Alright everyone, it is time for me to update you on my Alaskan adventures.
I finally went to Canada, which is only about an hour-long drive from Skagway. I was a little disappointed in it, as the roads were not paved in gold and the streetlights weren't lollipops. There are, however, cheap groceries and more than three thousand people. EXCITING! I was able to smuggle some ripe produce across the Canadian border, which made me happy that I did not have to explain the whereabouts of my mangoes. I went to Carcross, where most of the population (of 300) still lives in houses from the gold rush of 1898. The town of Bennett still accepts gold as currency. Despite all this gold money, I wonder how the Yukon clothes itself...There were only two clothing stores to be found, one of which sold exclusively Carhartts and various other heavy-labor accoutrement.
The drive from Skagway to Whitehorse, The Yukon Highway, is the most amazing stretch of land I have ever seen. Words can not even describe what it is like. I don't think there is anything else in the world that even comes close. As soon as I get pictures of my trip, I will post them online. The waterfalls off the mountains were especially strong yesterday due to the TONS and TONS of RAIN we've been getting here (and it is not supposed to stop for another week). It's a good thing though...The town of Skagway runs off of hydroelectric power from Pitchfork Falls and the Dewey Lake System. The clouds began to break towards the end of our trip and we got to see the lakes. Emerald Lake is green and clear because there is no inlet or outlet except the source of the water, which is a glacier. The chemicals from the glacier turn the water that green color. Lake Tutshi is one of the larger lakes in the mountains and the Natives used to think it was evil because the water is so dark and the wind is really strong, which creates whitecaps. Finally, I got to frolic in the smallest desert in the world, which was created by glacier movement and silt-processes (or something like that).
The forth of July here in Skagway was pretty interesting. There was a pretty big party downtown and I went with a big group of people I work with to watch the fireworks. Luckily, there wasn't much fog or many clouds, so everything was pretty easy to see. The fireworks were at the harbor, against the mountains in the inlet. The lights and sounds didn't seem all that impressive though, considering the really tall mountains dwarfed them.
But now...what I know you actually care about...
Wildlife Spotted (Still no Moose or Caribou):
- Black Bear (Today, for the first time! It was in our trash.)
- Seals
- Golden Eagles
- River Otters
- Bald Eagles
- Blue Jays
- Whales
- Salmon
- Dolphins
- Ravens (They are like Pidgins here.)(And are especially active lately. The salmon are spawning soon in the river.)

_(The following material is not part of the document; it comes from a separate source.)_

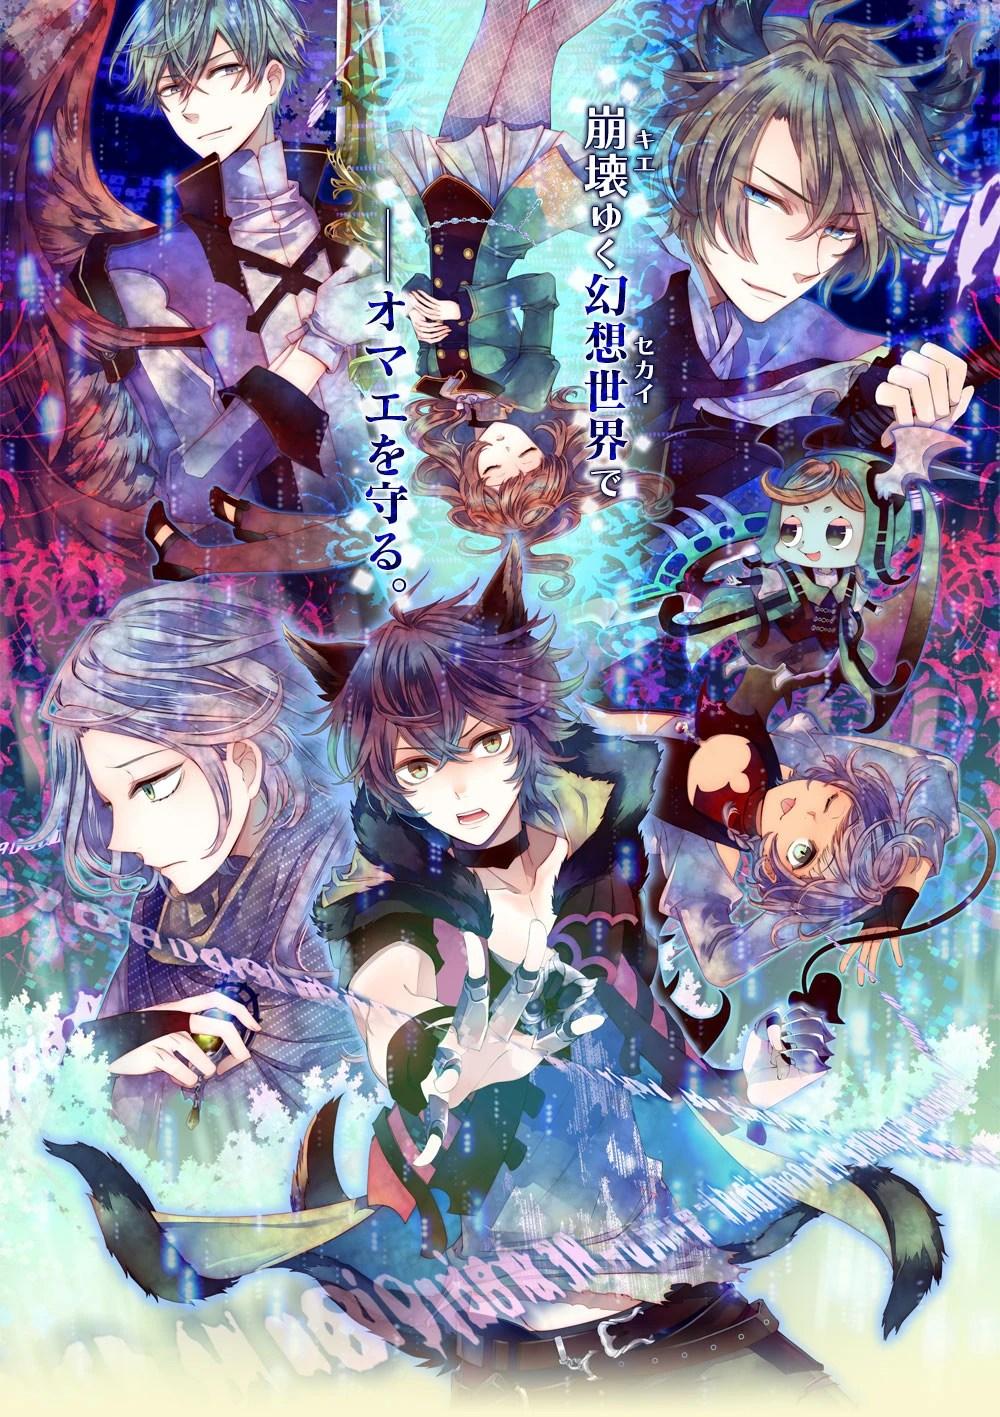 Psp Wallpaper Anime Period Cube Otome Games Wikia Fandom Powered By Wikia

I believe that I am searching for something here that I doubt I'll ever be able to find. I certainly will never be able to find anything like this anywhere else or at any other time. I am obviously searching for the confidence to be an adult and be on my own. It is is frightening to be where I am right now, but so terribly exciting. I have no idea what will happen from day to day, I can decide where I want to work, what I want to do, the world is so full for me. At the same time, I would like something stable and...a place to go after this summer. Transience is alright for the time but I think I want something more than that. I want friends that will last past this summer.
And really,
what I guess it comes down to,
is that I want a boyfriend.
I have refused to admit this fact, though it should be so obvious.
Here's another list:
Boys I've kissed in Alaska:
- Martin
- Sam
- Matt
- Nathan (who looks a lot like Nathan F-K but does not remind me of him. This Nathan lives on a glacier most of the week and gets Fridays off...so comes down, buys groceries, goes to Moe's, usually finds me, subsequently tries to make out with me, stays alone in Sargent Preston's Lodge until he's due back up on the Glacier the next day)
- Don (who does not live in Skagway but was visiting some friends here. He lives in Seattle.)
I am not compatible with any of these people, except probably Don. And he has a house in Seattle, no plans to move to Skagway, or Chicago (pshaw, really good job and amazing property). Even though he's no longer here, we still talk on the phone and he tries to convince me to visit him. I think I might. It could be fun. Maybe I will try to go at some point when there is a good show going on. Oh, and by the way, he is SO CUTE.
It must seem totally juvenile to keep liking these people that it would be so impossible to have a relationship with, even though this is what I claim to want. There must be some sort of deep-seeded emotional issue that I am refusing to admit, currently. (Meh, at least I know that part).
In any case, the gist of my ramblings is: everything is going alright here. On the surface, I probably act like things are perfect or things are awful. They are neither of these things. One must pay the price for living in the great wide open (which, I think the case may often be, is feeling terribly lonesome sometimes) and being on one's own (being easily knocked around, feeling as if inner-strength will never develop).
I hope everyone else is doing alright. I really do. I think I realize now why my previously-graduated-from-college-friends told me how tough the summer after graduation is. We need to stick together. SO CALL ME. SERIOUSLY.